Despite a 2-1 home defeat to Stuttgart on Saturday, fourth-placed Schalke know a final-day win against Freiburg next week will secure the final Uefa Champions League spot and they have already begun work to retain the services of their most important players.
Dutch international Klaas Jan Huntelaar, heavily linked with a move to the English Premier League in recent years, penned a new deal in December which will keep him at the club until 2018, while their teenage prodigy Julian Draxler has also just agreed a new five-year deal.
It is not just players who have been signing new contracts recently either, Die Königsblauen have also handed coach Jens Keller a new deal this week, extending his stay until 2015. The 42-year-old replaced Huub Stevens in December and has impressed, despite having previously had just two months Bundesliga coaching experience at Stuttgart during the 2010/11 season.

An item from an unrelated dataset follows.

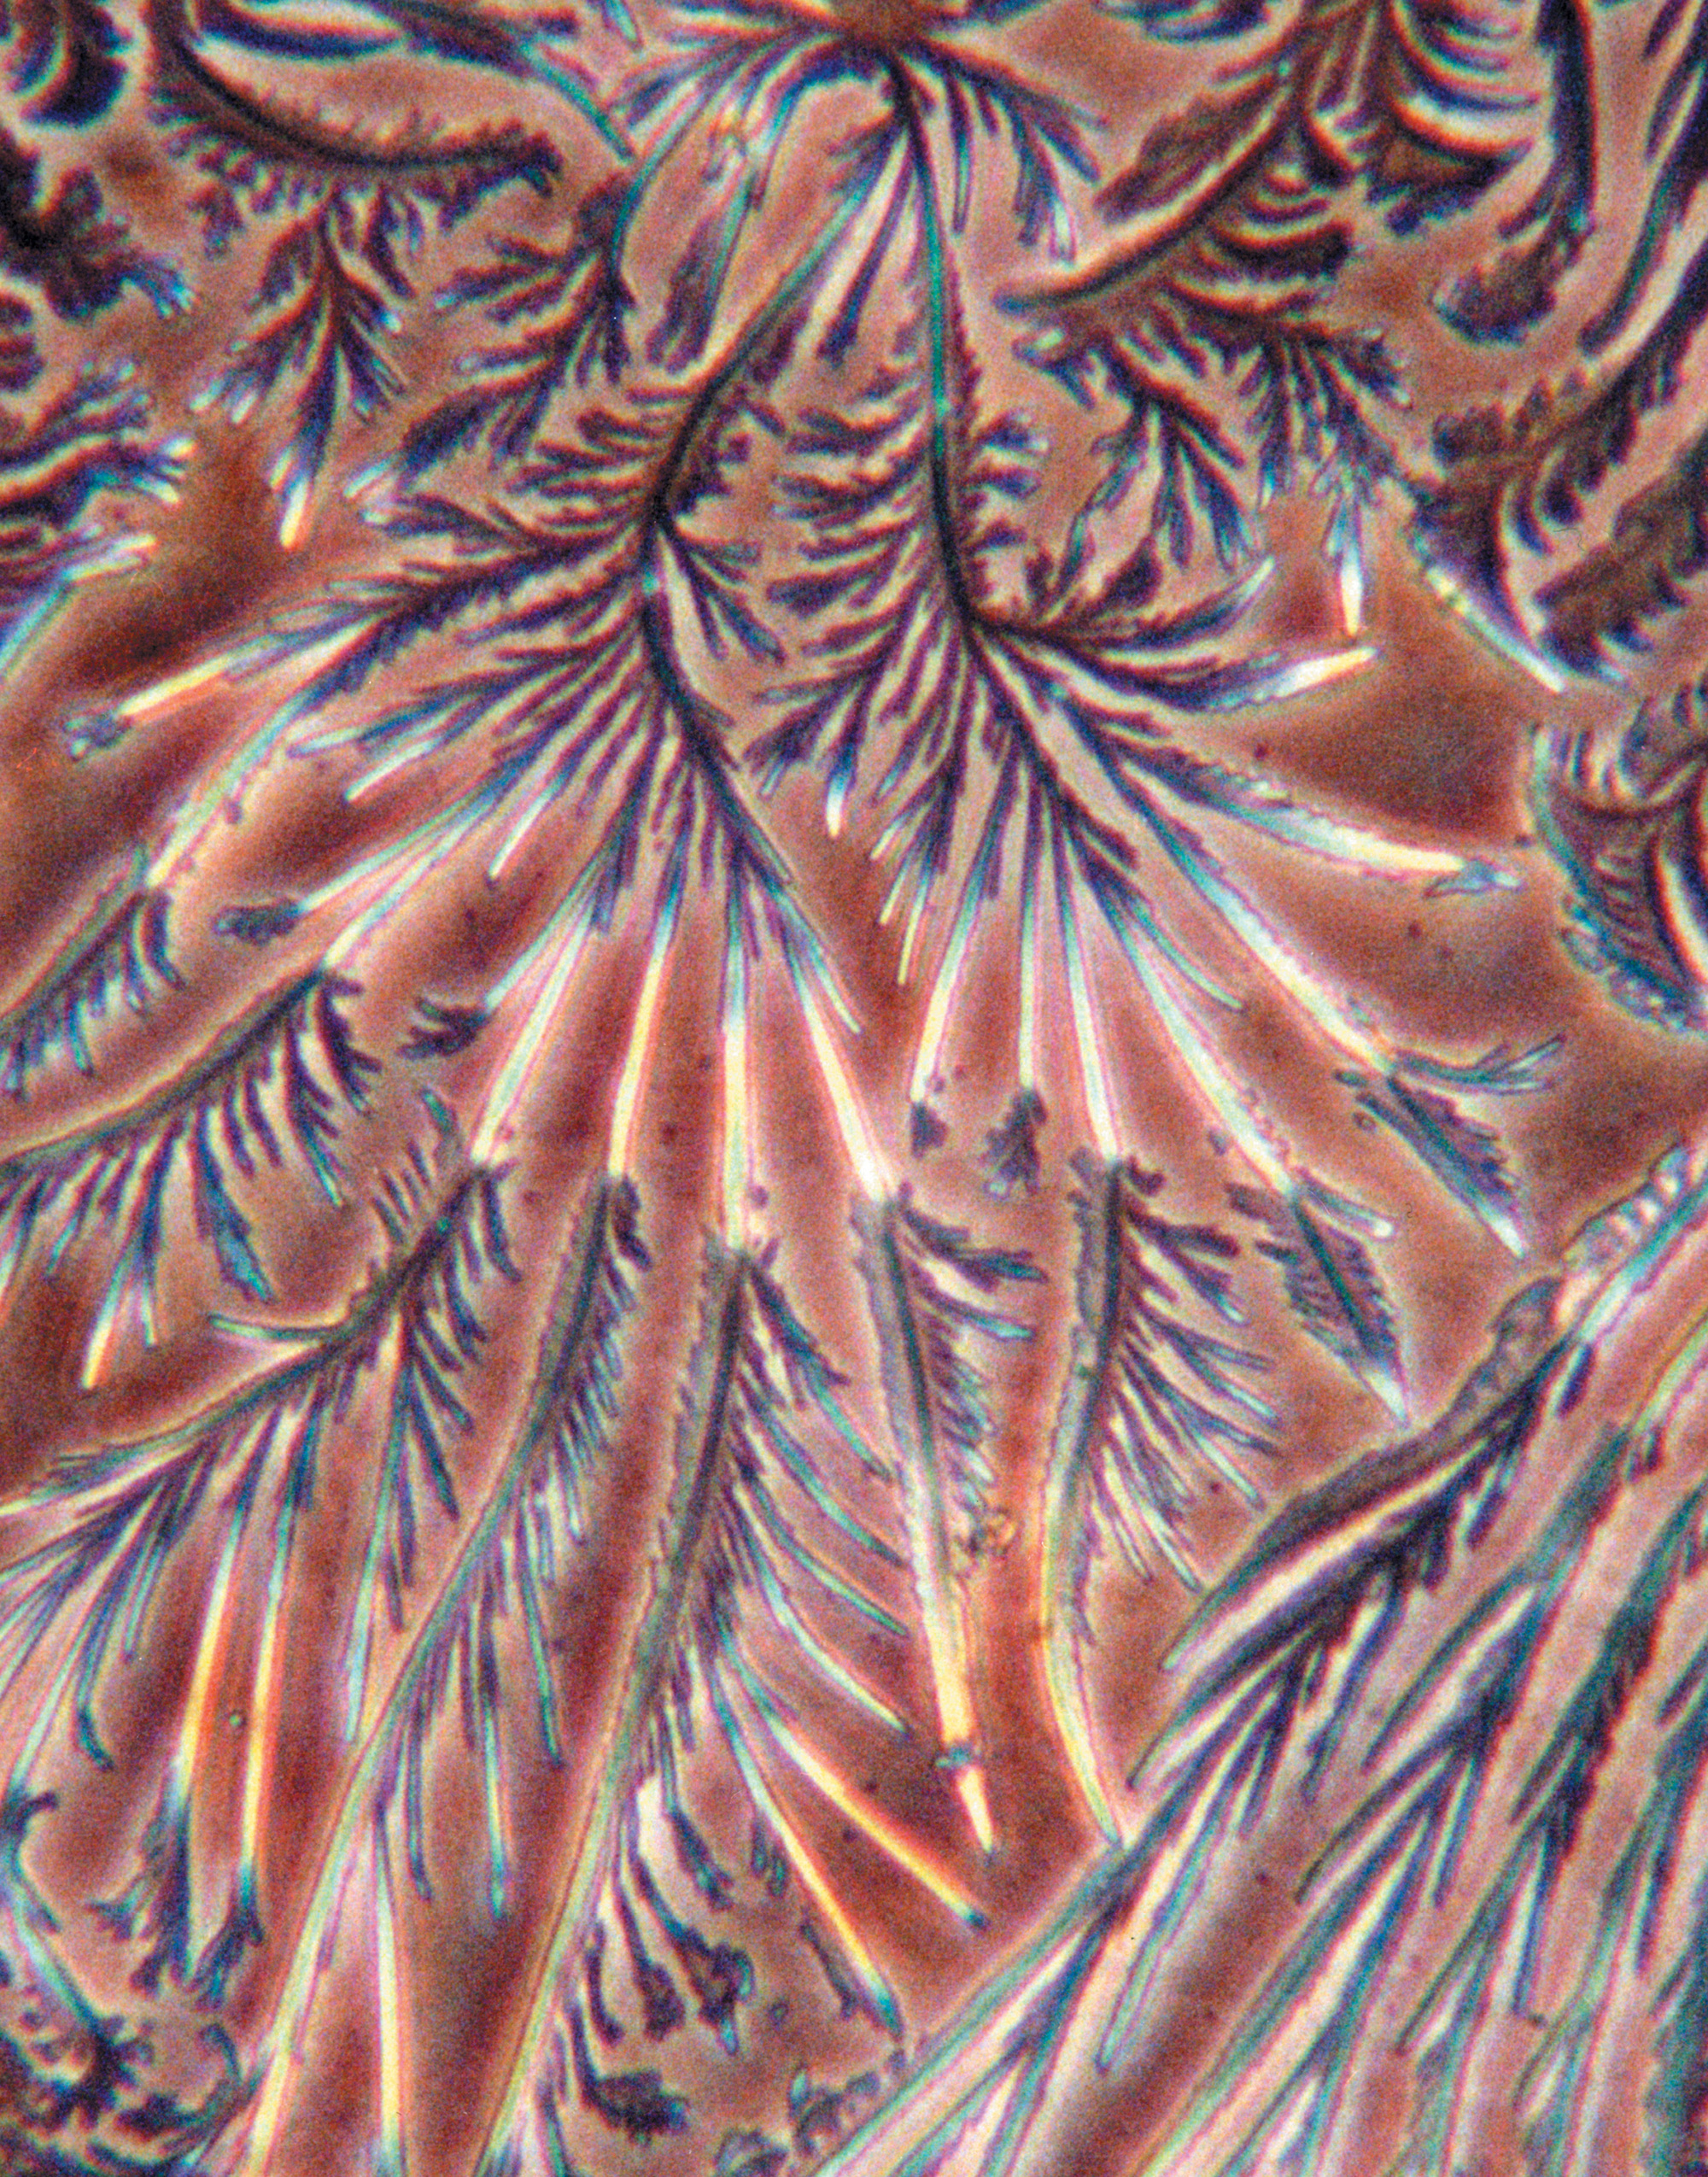 Microphotograph of prothrombin dried on a glass slide. The fern-like fractal structure of this bio-polymer responsible for blood clotting demonstrates its liquid crystalinity.

The decision to extend Keller’s contract signifies a change in direction for a club that has often found it all to easy to fire coaches – going through an incredible 16 in the last decade alone. It also ends speculation as to who will be in charge of the club next season. Keller was seen by many as simply a stop gap appointment, with such names as Steffan Effenberg, Armin Veh, Christian Streich and Roberto di Matteo all being linked with the job in recent months.
However, Keller has been rewarded for taking Schalke to the verge of Champions League qualification and bringing a semblance of stability to a club that is no stranger to upheaval. With Keller now at the helm for the near future at least, there are hopes Schalke can build on the foundation that is being put into place by their new coach and the club’s hierarchy.
The bedrock of this foundation could prove to be the Schalke’s star attraction, Julian Draxler. The 19-year-old midfield playmaker is one of Germany’s most exciting prospects and has already won four caps at international level. Draxler joined the club’s youth acadamy as a seven-year-old and made his senior debut in January 2011 when he came on as a substitute during a 1-0 defeat against Hamburg. It didn’t take him long to make an impact either. Coming off the bench in a DFB-Pokal quarter final clash against Nurnburg just one week later, Draxler struck the deciding goal deep into extra time to give Schalke a dramatic 3-2 victory.
Since then, Draxler has gone on to become the youngest player in the club’s history to reach 100 games and was also named in Jogi Löw’s provisional squad for last year’s European Championships. Ultimately, the youngster was left out of the final 23 that went to Poland and the Ukraine, nevertheless, he did make his senior international debut during Germany’s 5-3 defeat to Switzerland last May.
Despite his tender years, Draxler has shown incredible maturity this season and has become the main driving force behind a team that had lost their way somewhat under the previously revered Stevens. A solid start by the club had led many to suggest this could finally be Schalke’s year as they seemed to offer some real resistance to the likes of Bayern and reigning champions Dortmund. However, a dreadful run of results in November saw them slide down the table and Stevens, a man who had been voted ‘Coach of the Decade’ by fans not so long ago, was shown the exit.
He was followed through the door soon after by the highly-rated Lewis Holtby who joined English side Tottenham Hotspur. Initially set to join his new team during the summer, thus enabling him to finish the season with Schalke, the German international instead left Germany for North London at the end of January.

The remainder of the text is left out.